Migraines in children are common. Problems can often continue into adulthood or halt as hormonal changes take place.

A study from 2010 looked at the safety and effectiveness of spinal manipulative therapy (SMT) in children with migraine-type headaches. It was a case report on an 11-year old boy who had experienced recurrent headaches for the previous four years.

His prescribed medications provided limited relief from the headaches. It is worth reading about the treatment and results from the study:

“SMT characterized as high-velocity, low amplitude (HVLA)-type thrusts to sites of spinal segmental dysfunction was the primary approach to patient care.3 The patient attended five visits over a period of four weeks. The patient reported experiencing only one ‘mild’ headache attack during this period. In the second month of care at one visit per week, the patient did not experience any headache attacks. The patient returned for care nine months later, with the patient reporting only a ‘couple of mild headaches but no migraine-type headaches.”

 

“The patient underwent a course of care at a frequency of once every week for another four weeks. Follow-up evaluation six months later revealed the patient to be symptom-free. At his mother’s request, the patient attends chiropractic care for preventive measures at a frequency of one time every six months.”

The study authors also reviewed the medical literature with regards to SMT and treatment for headaches and noted that “SMT was effective regardless of headache diagnosis”.

An earlier study in Australia in 2000 was a major randomized controlled trial of 127 volunteers who had at least one migraine a month.

This study was conducted over six months, with two months of data collection, two months of SMT treatment, and two months of data collection after treatment.

Participants were aged between 10 and 70 and received a maximum of 16 SMT treatments.

According to the migraine diaries kept by participants, those receiving treatments showed statistically significant improvement in migraine frequency and medication use when compared with the control group.

Approximately half of the volunteers reported significant improvement in the morbidity of each episode:

“The results of this study support previous results showing that some people report significant improvement in migraines after chiropractic SMT. A high percentage (>80%) of participants reported stress as a major factor for their migraines. It appears probable that chiropractic care has an effect on the physical conditions related to stress and that in these people the effects of the migraine are reduced.”

Manual therapy and adult migraine

For adults with migraines, several other interesting studies demonstrate the effectiveness of manual therapies.

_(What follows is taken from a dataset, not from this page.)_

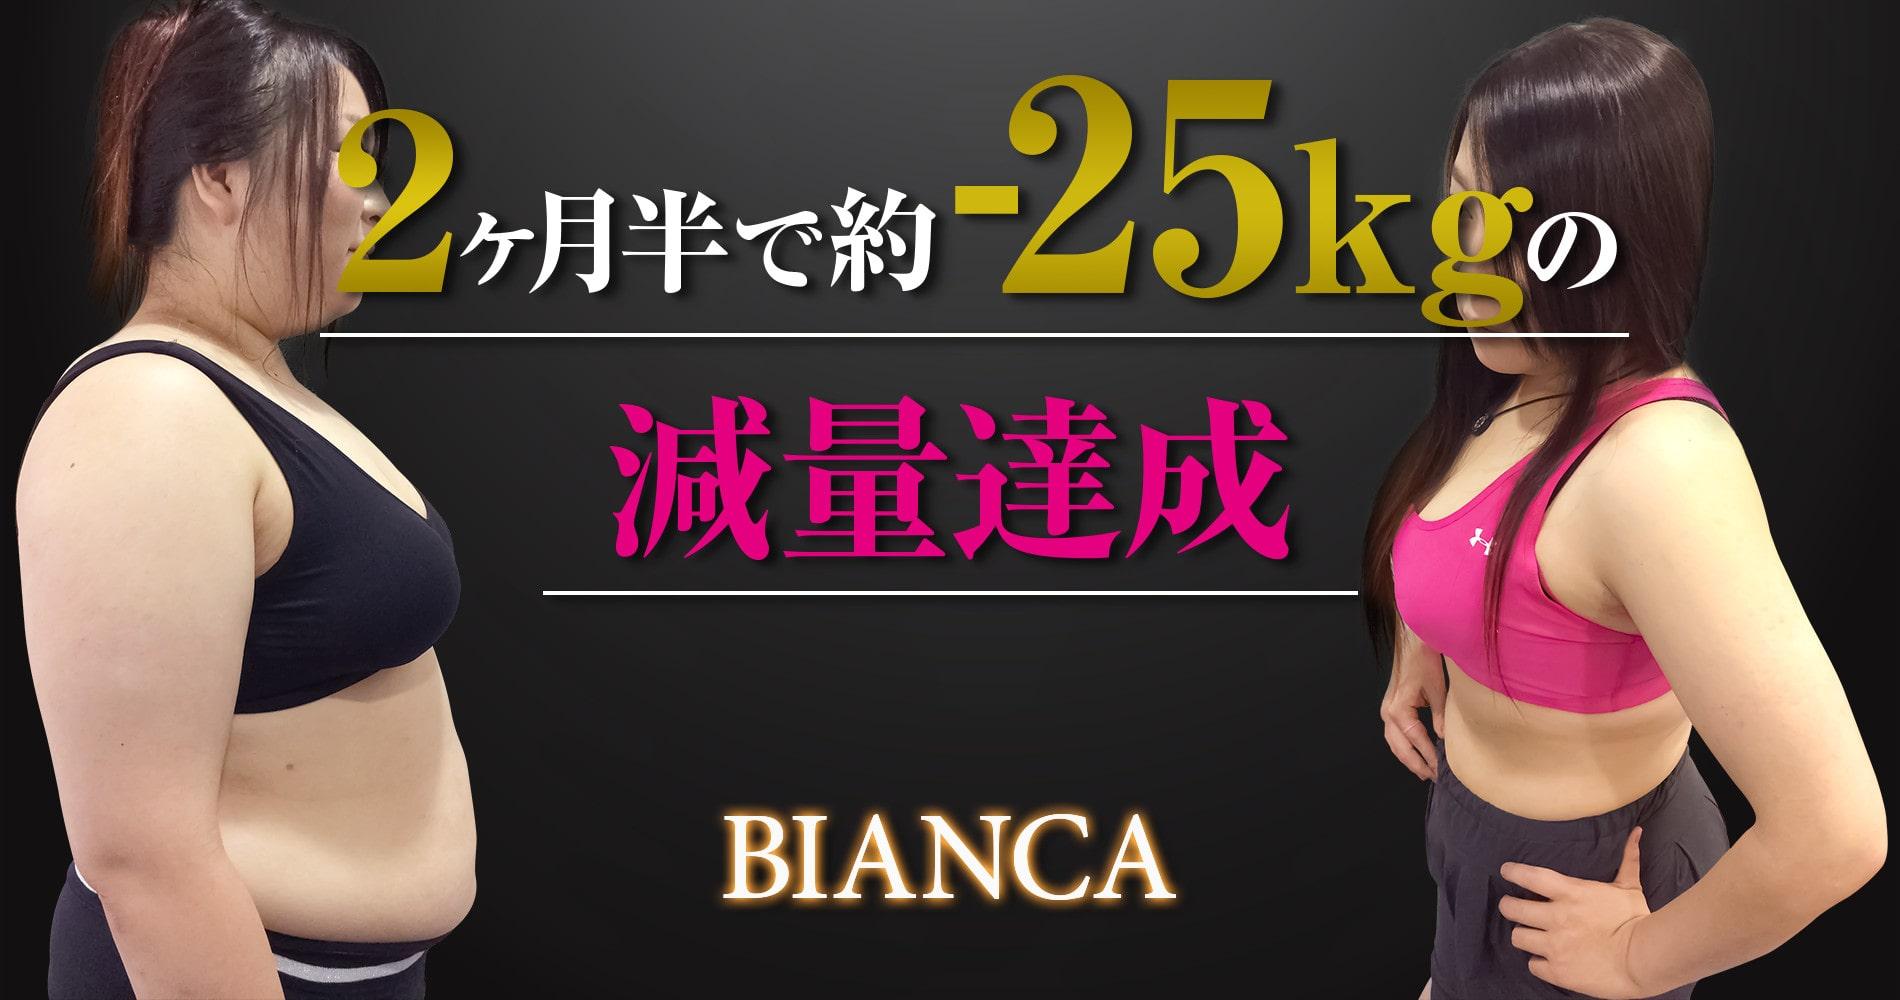 本格ボディメイクスタジオ BIANCA(ビアンカ)のジム画像1

A 2003 study looked at the role of chiropractic rehabilitation in treating a case of chronic recurrent migraine headaches in a 22-year-old female patient.

Her symptoms of left frontal retro-orbital head pain, nausea, and visual auras persisted despite multiple medical interventions and no history of trauma.

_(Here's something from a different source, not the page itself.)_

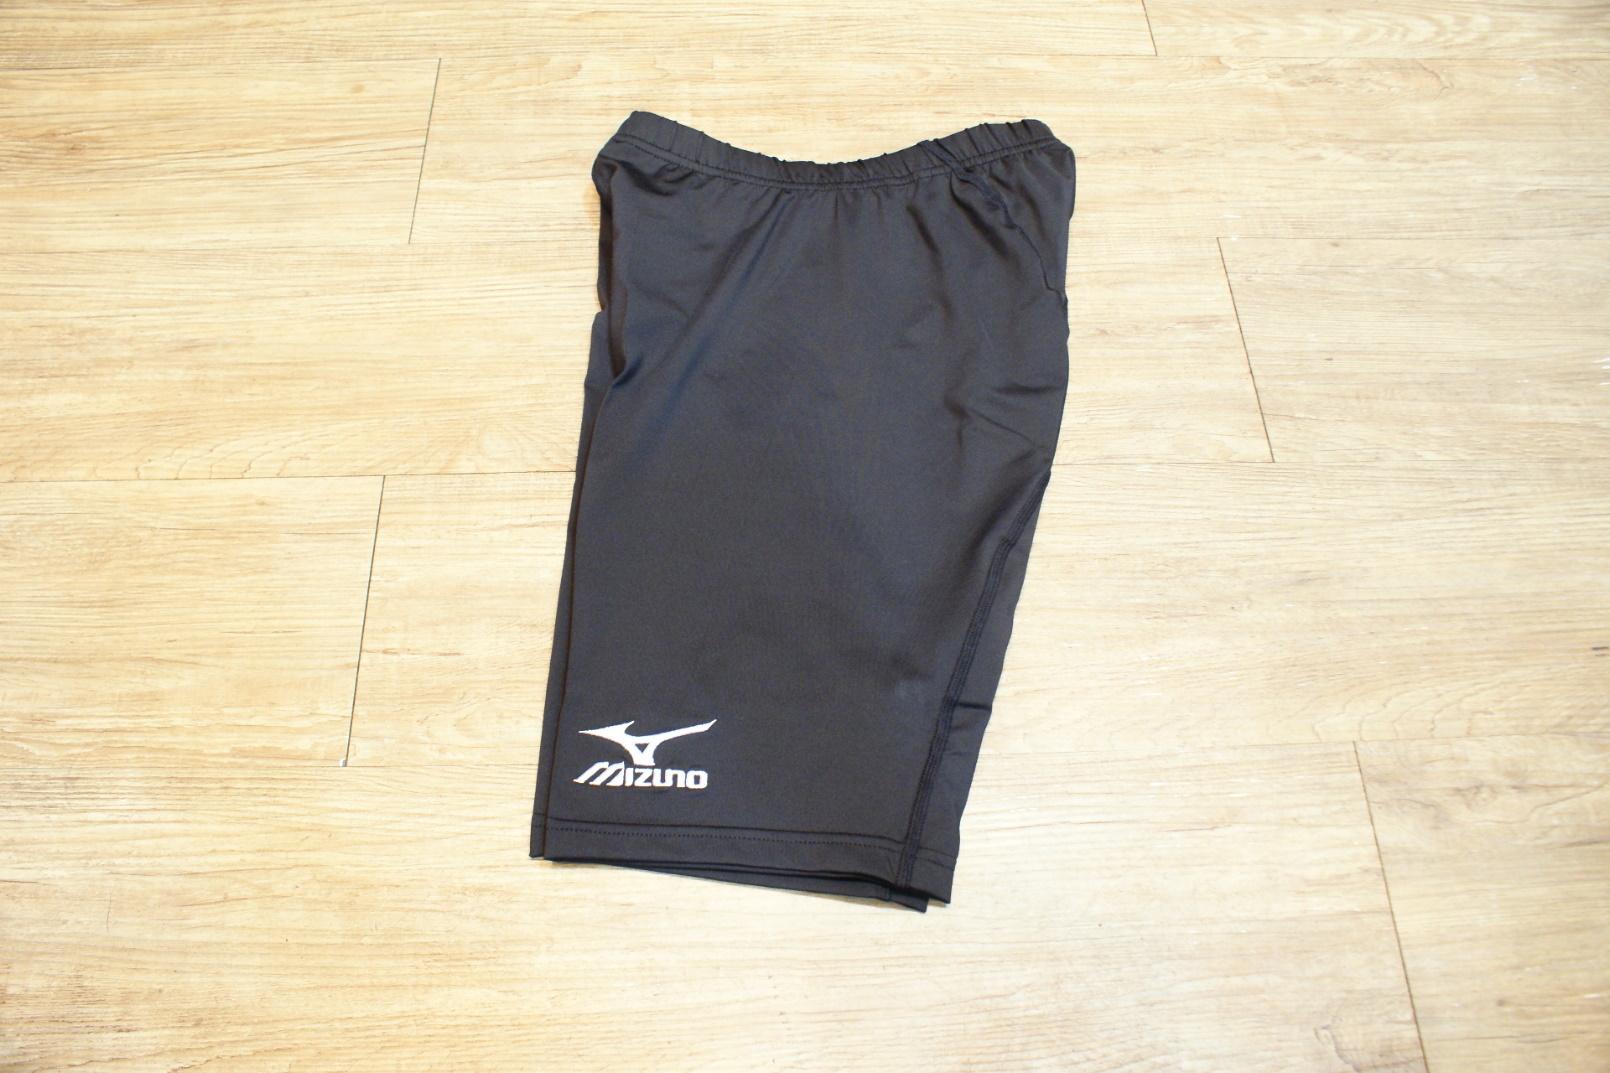 棒球世界 全新Mizuno 中長型緊身褲(58RC-259系列)共2色~特價

She was treated with rehabilitative exercises in combination with chiropractic manipulation:

Treat Migraines in Bedford

“The chronic recurrent migraine resolved over a 12-week period with use of chiropractic rehabilitation in this patient. More research is necessary to determine whether this approach is consistently reproducible and how it compares with spinal manipulation alone and other forms of treatment.”

In 2004, a U.S. study considered the use of an upper cervical technique in the case of a 23-year-old male patient who had suffered a sporting accident six years earlier.

During this period, he had sought treatment from many physicians for bipolar disorder, sleep disorder, seizure disorder, neck and back pain, and migraine headaches.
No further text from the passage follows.